◆ Task: Locate the line containing "NVI Super Giant" in the material below. Copy that line and all following lines through the end exactly, omitting any pictures.

◆ Recorded data:
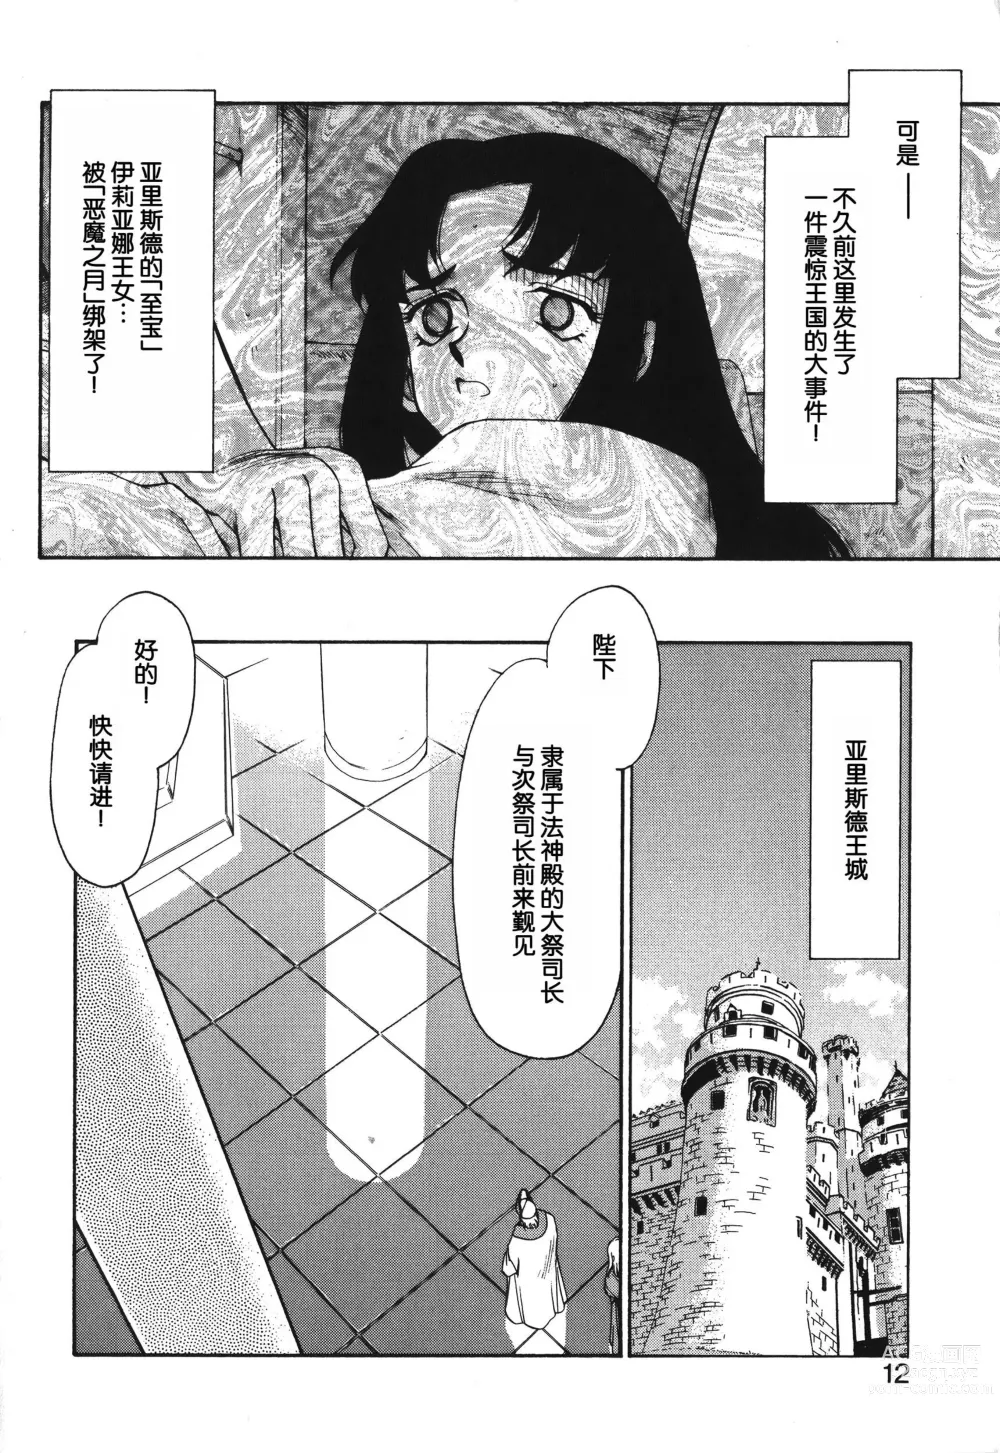 Page 12 of manga Bad Moon...
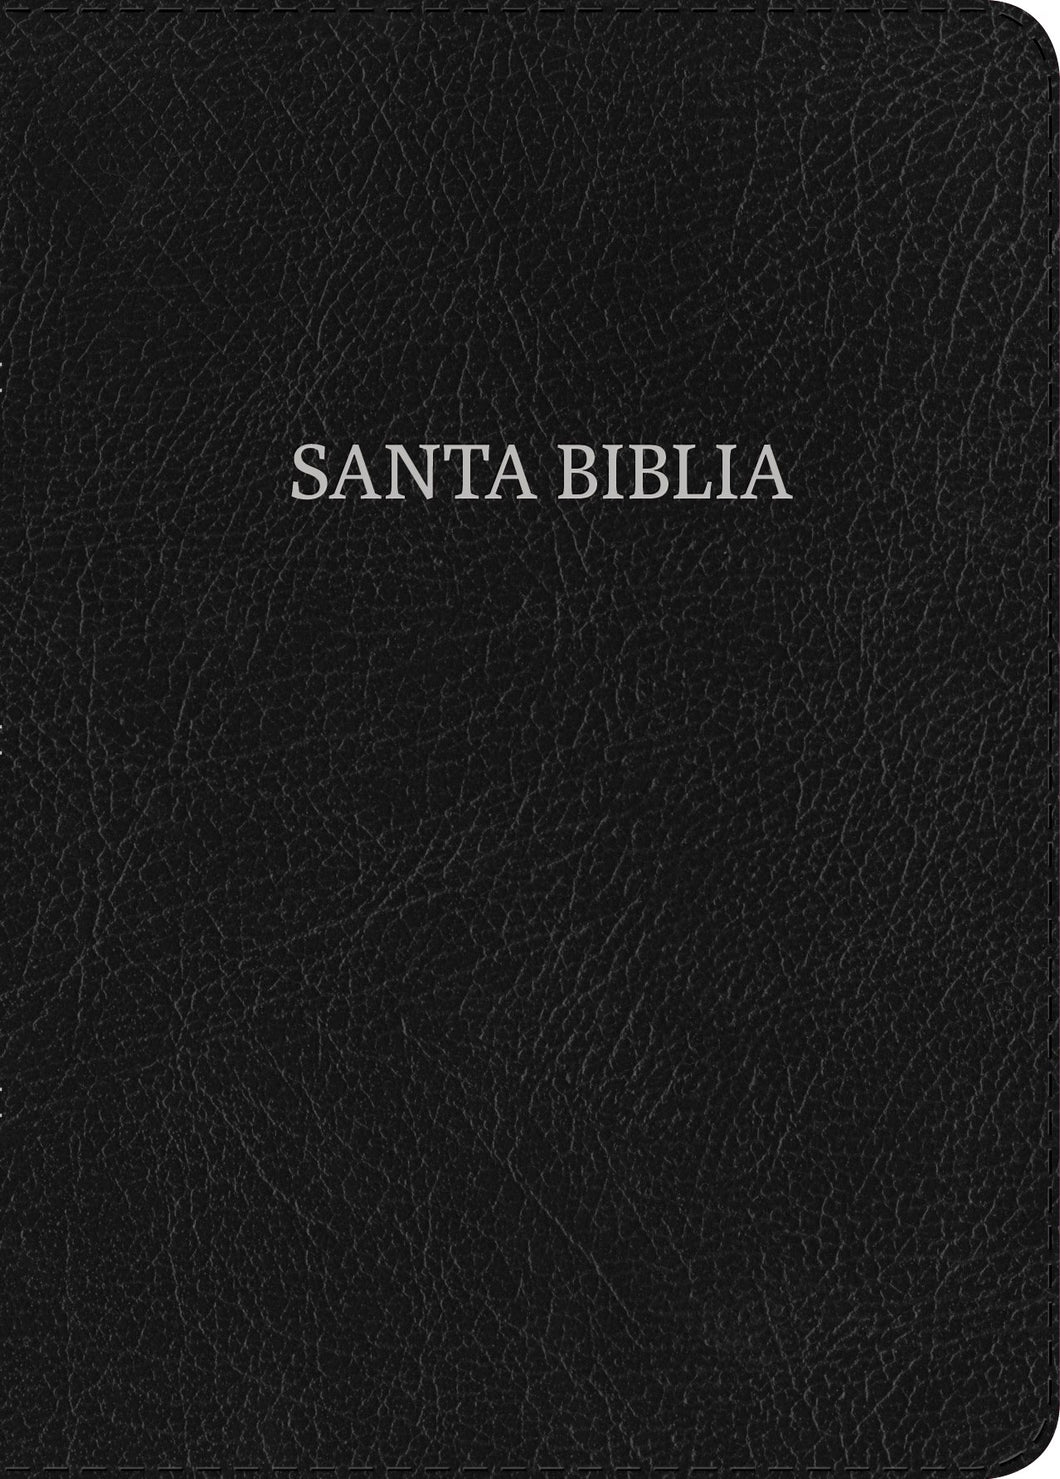 NVI Super Giant Print Reference Bible (Biblia Letra Super Gigante)-Black Bonded Leather Indexed
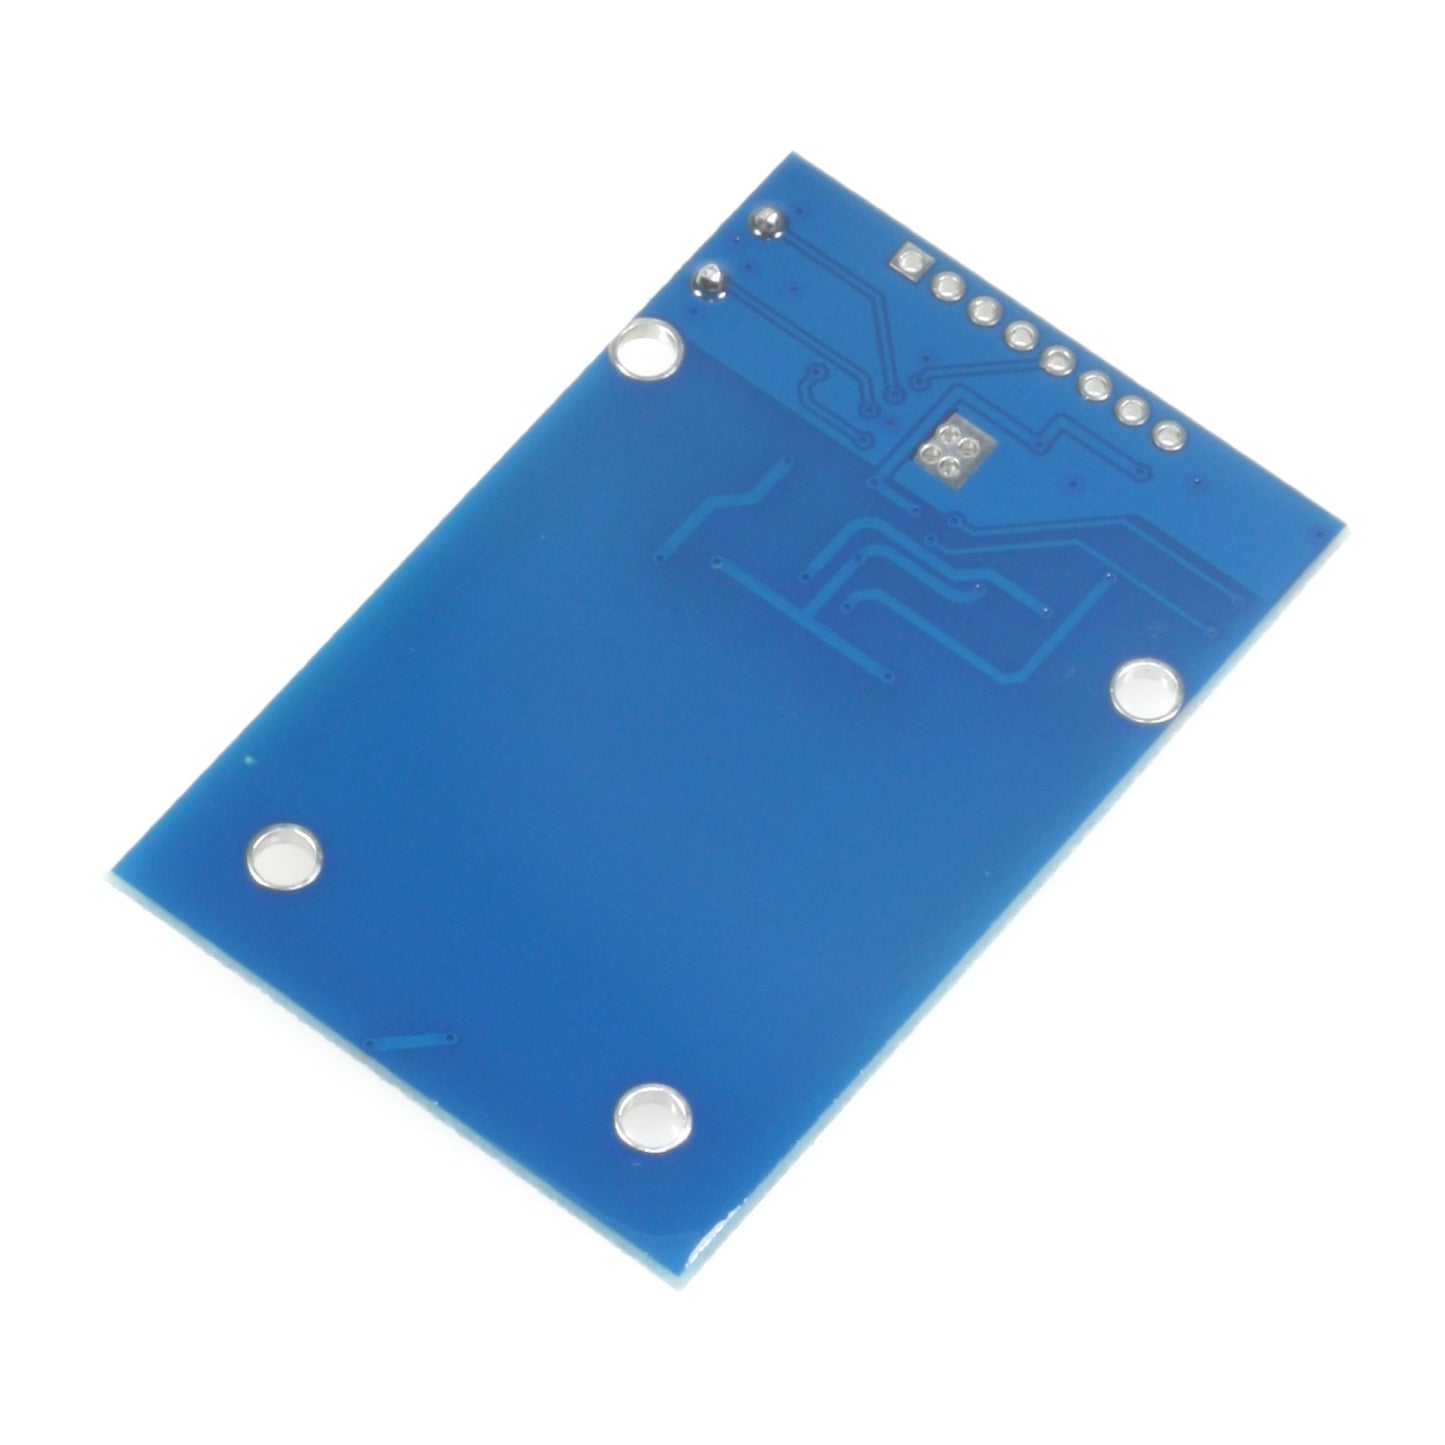 RFID-Kit RC522 mit MIFARE Transponder und Karte

◆ Expected answer:
 NVI Super Giant Print Reference Bible (Biblia Letra Super Gigante)-Black Bonded Leather Indexed
 RFID-Kit RC522 mit MIFARE Transponder und Karte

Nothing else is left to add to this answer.